GIVEN INFORMATION

· · ·

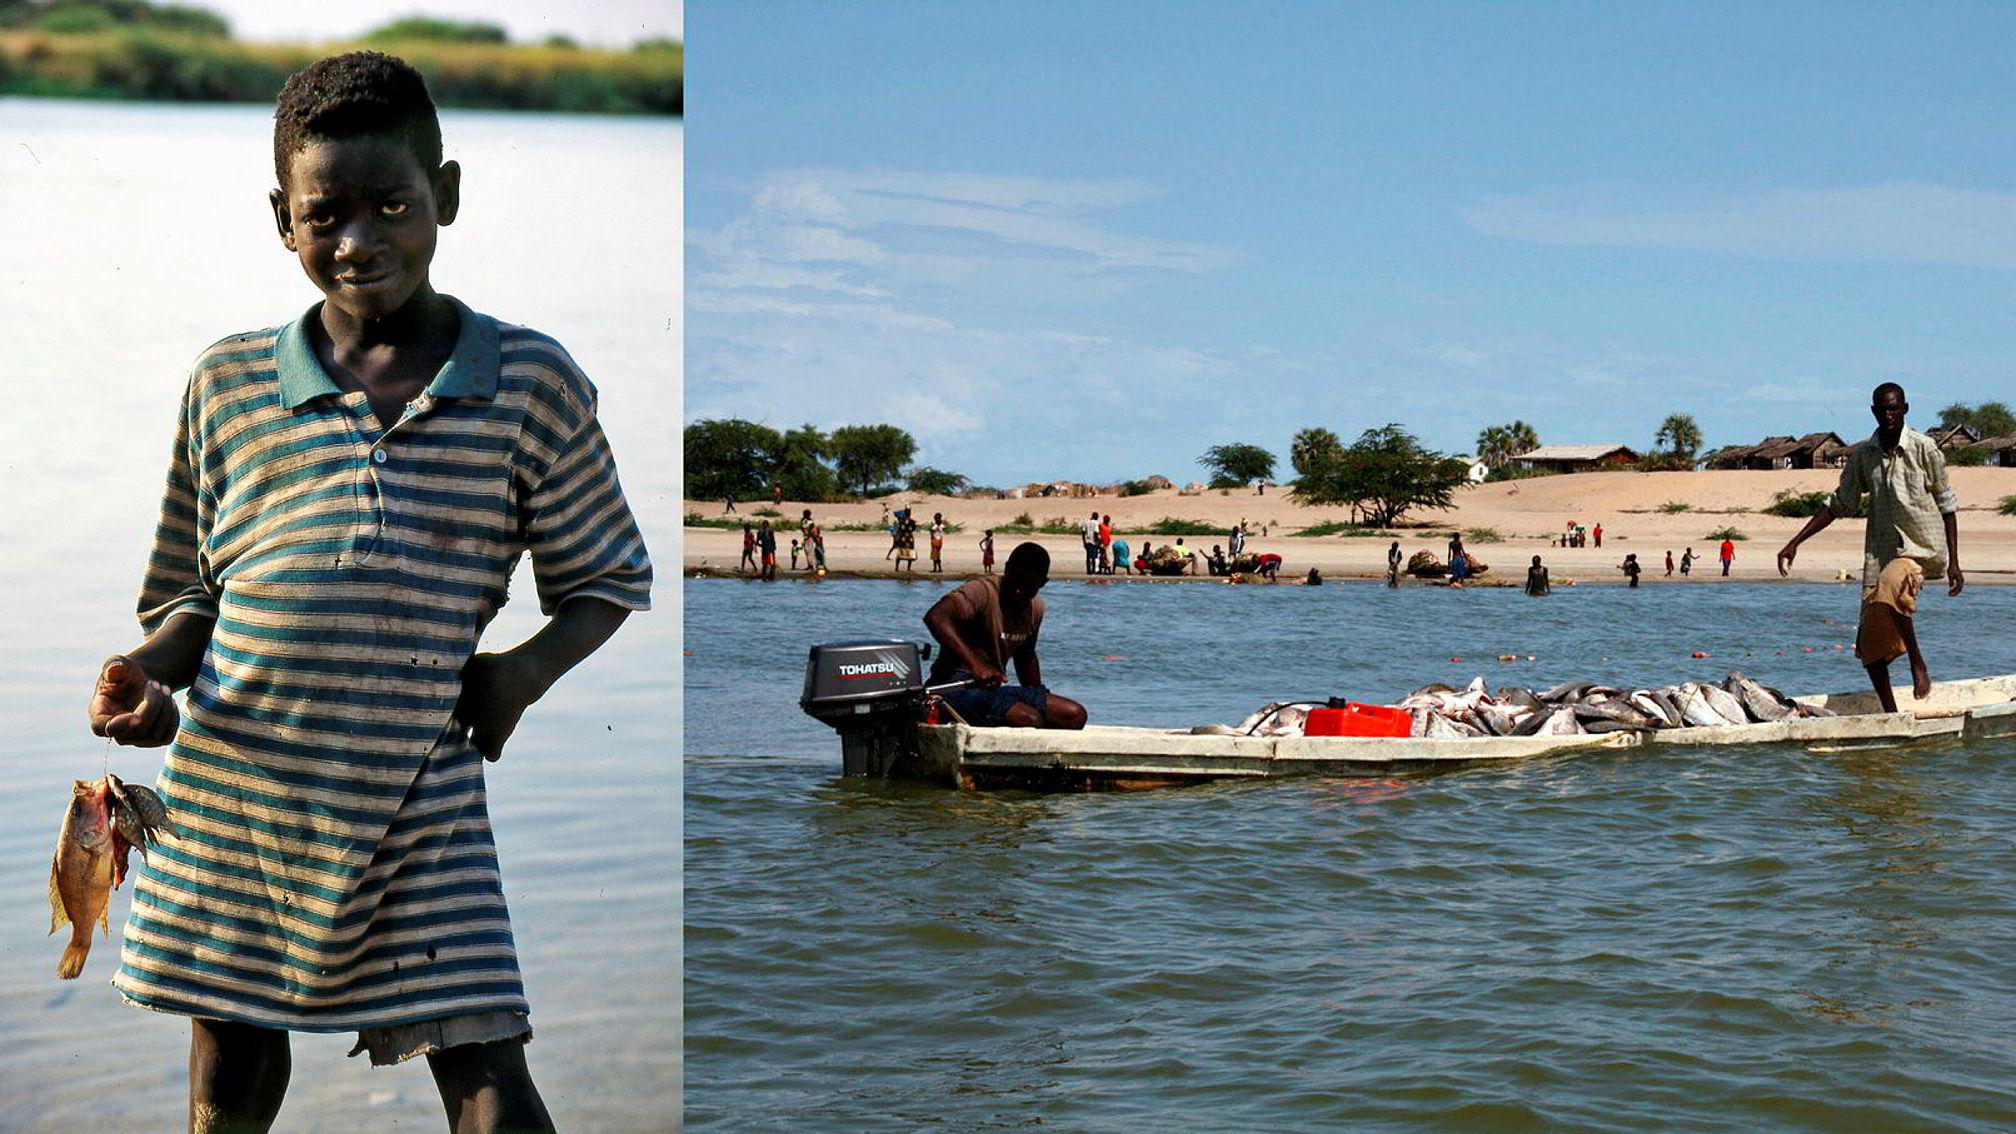 Professor Jeppe Kolding og forskningssjef Tor Næsje mener spredningen av arten niltilapia til stadig flere elver og innsjøer i Afrika, med betydelig norsk bistand, er oppskriften på en miljøkatastrofe. Ung fisker (til venstre) i Øvre Zambezi.
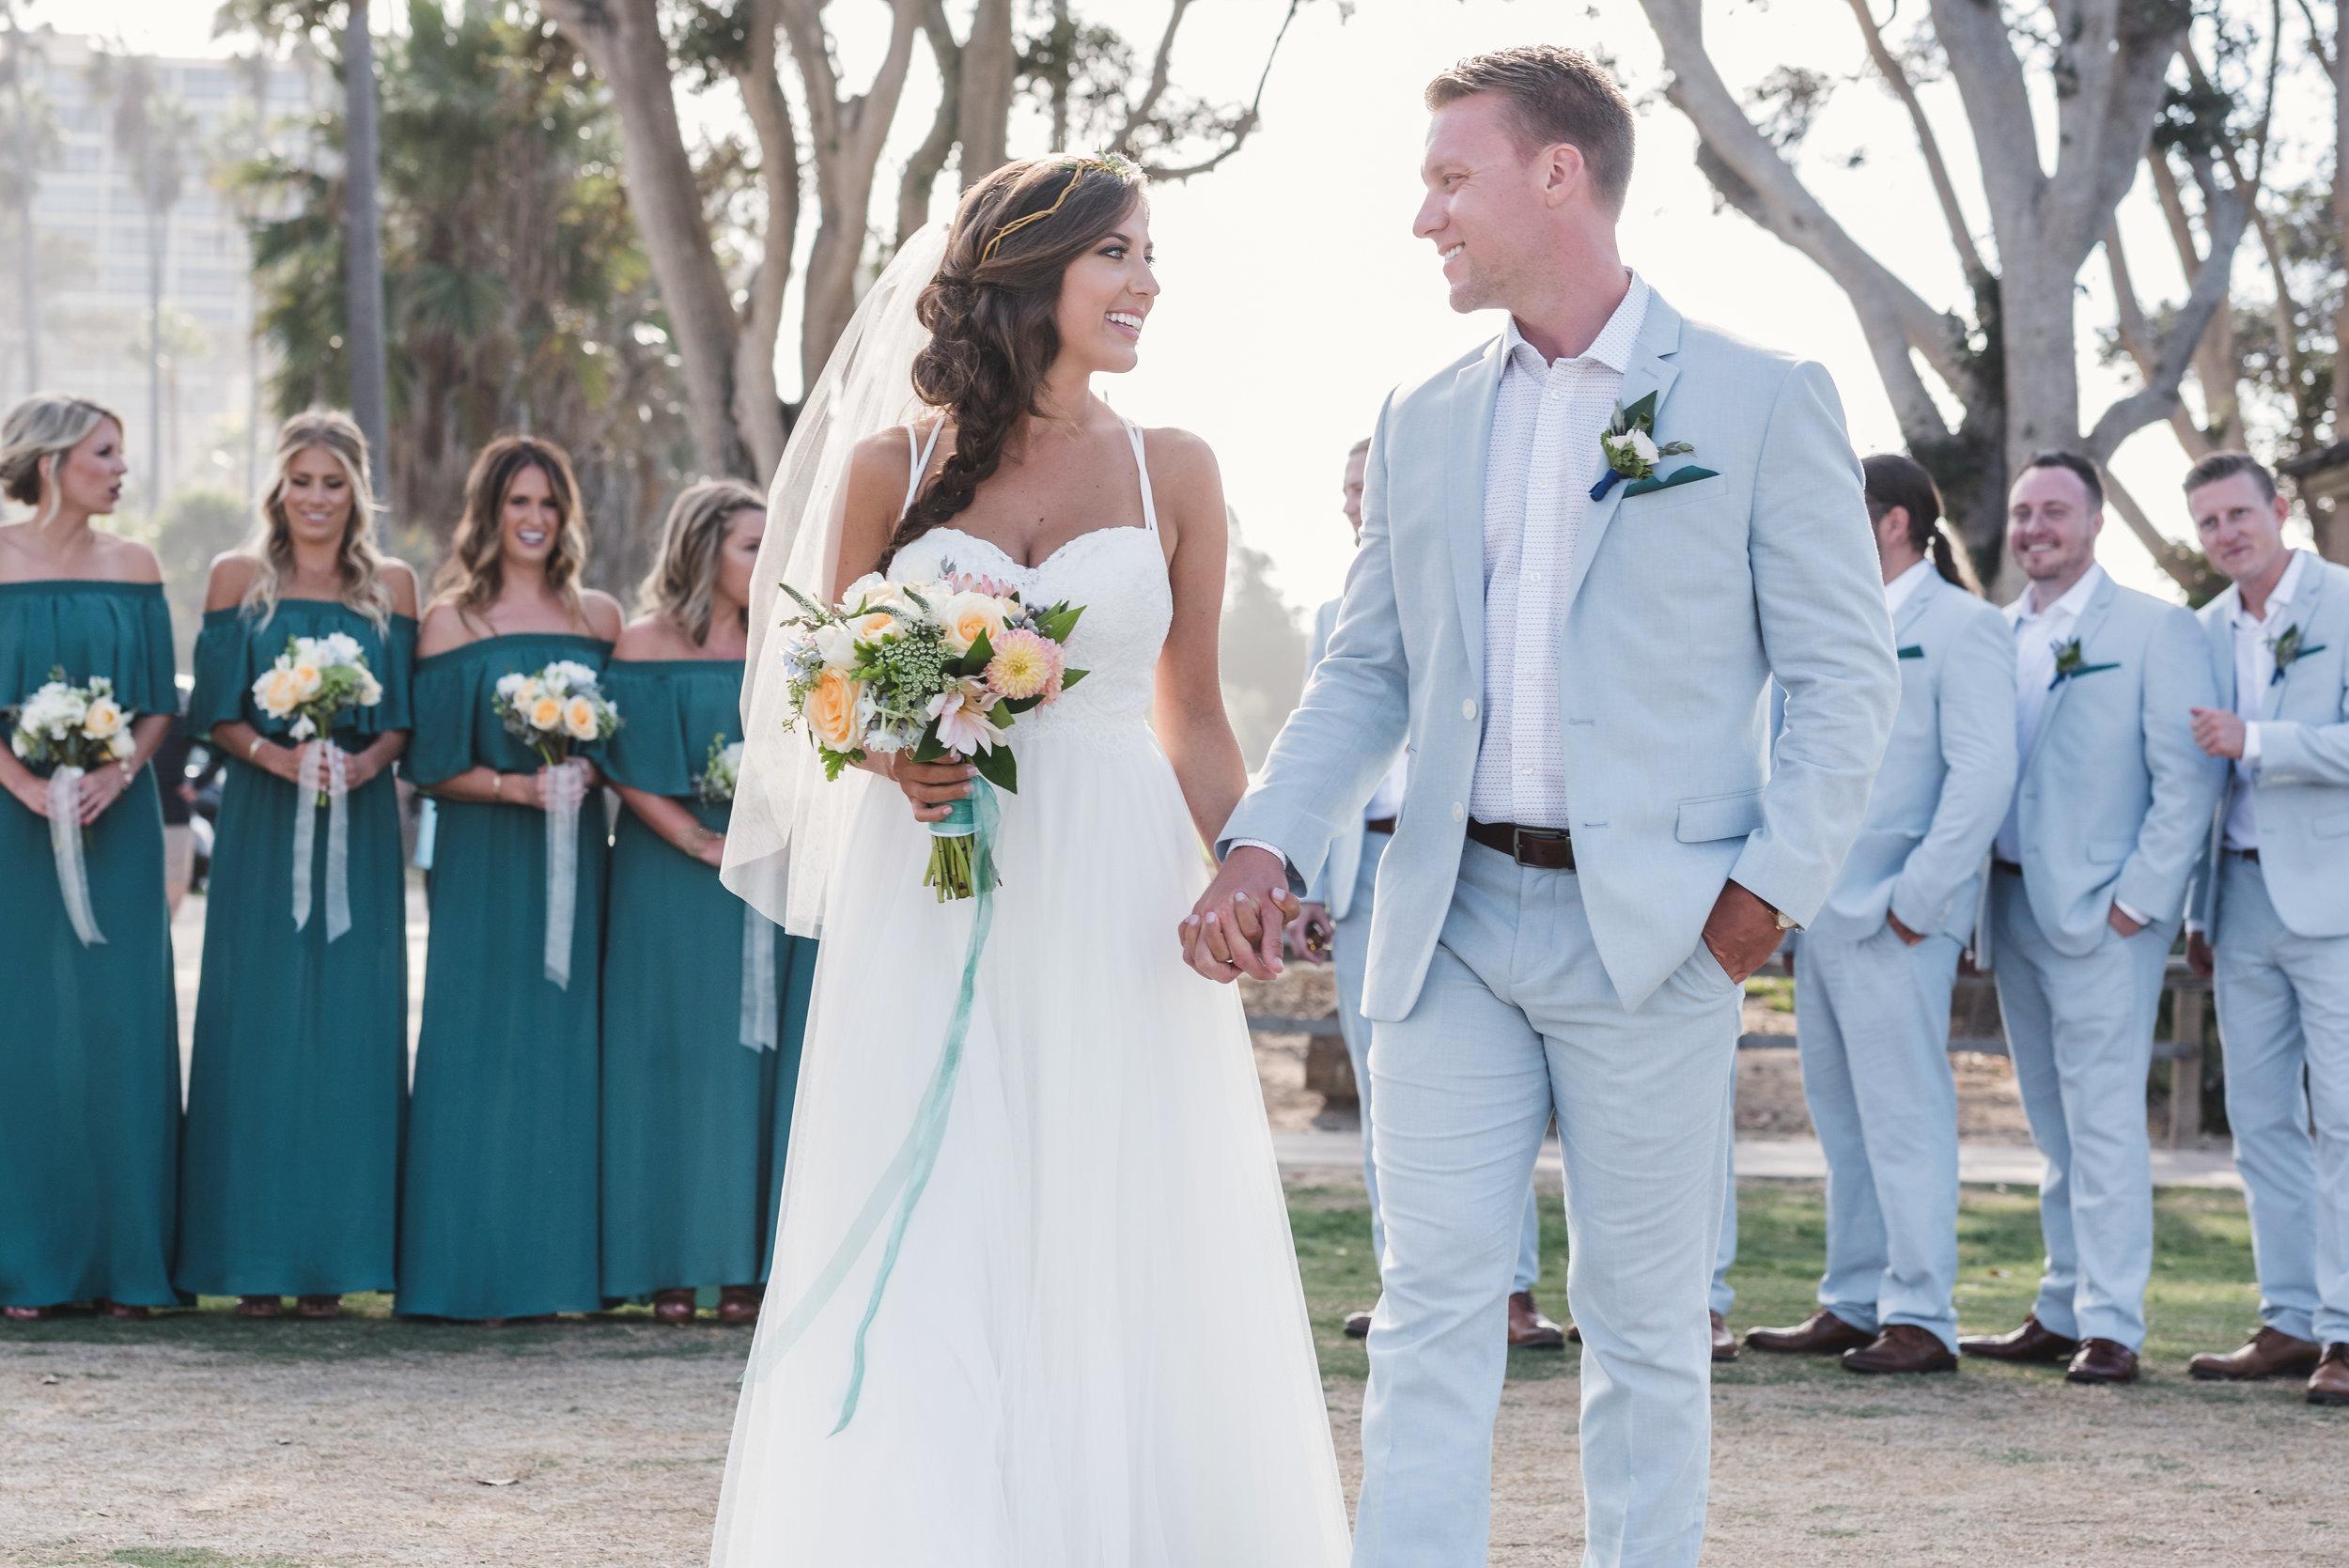 Jenny_and_Matt_wedding-46.jpg
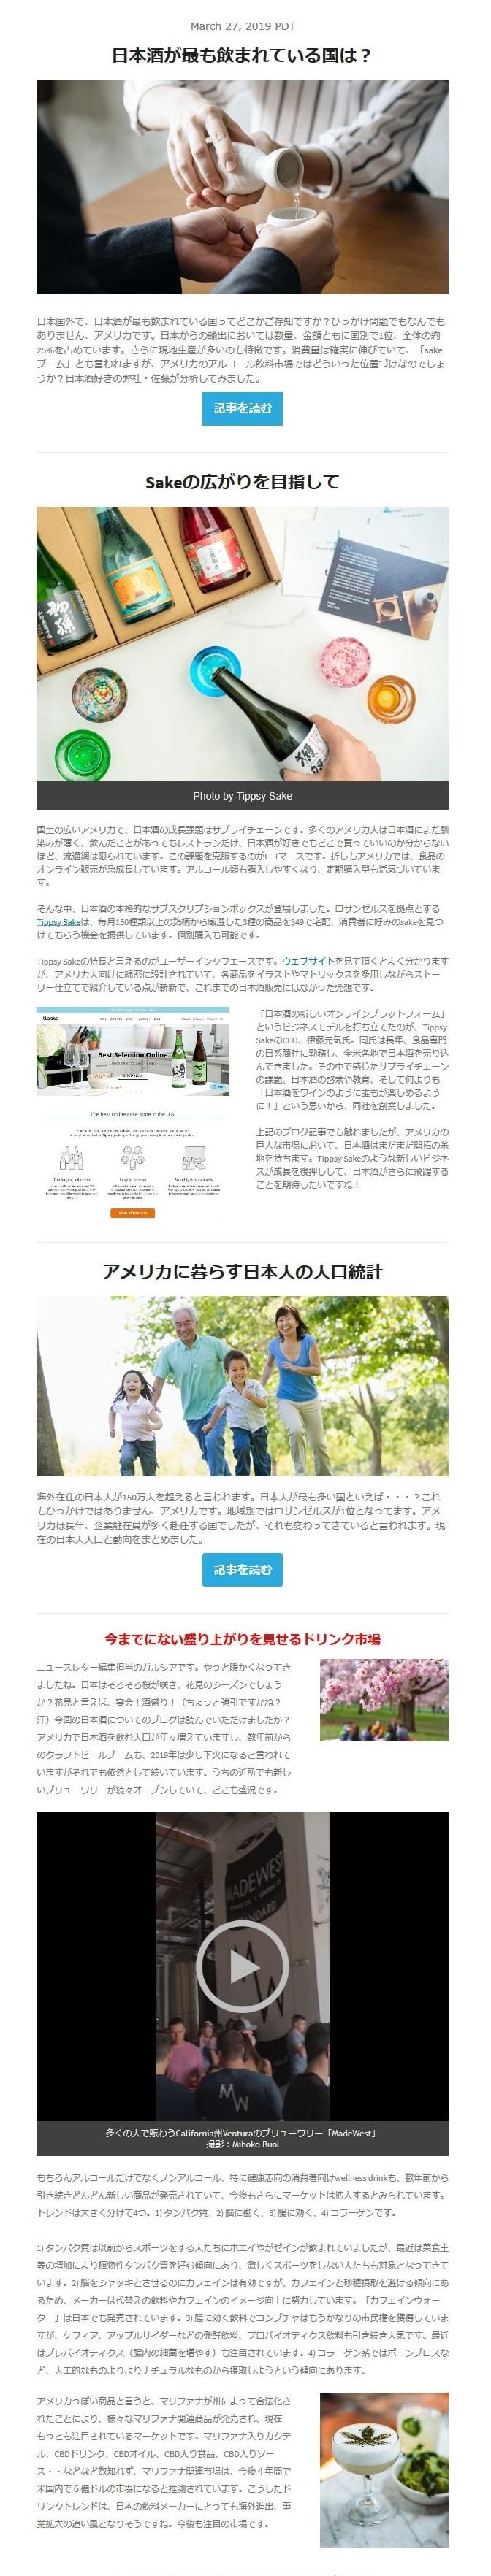 日本酒が人気の国

· · ·

WORK TO COMPLETE
Your answer must be the full listing, copied exactly, with no pictures in it.

TASK ANSWER
 Professor Jeppe Kolding og forskningssjef Tor Næsje mener spredningen av arten niltilapia til stadig flere elver og innsjøer i Afrika, med betydelig norsk bistand, er oppskriften på en miljøkatastrofe. Ung fisker (til venstre) i Øvre Zambezi.
 Jenny_and_Matt_wedding-46.jpg
 日本酒が人気の国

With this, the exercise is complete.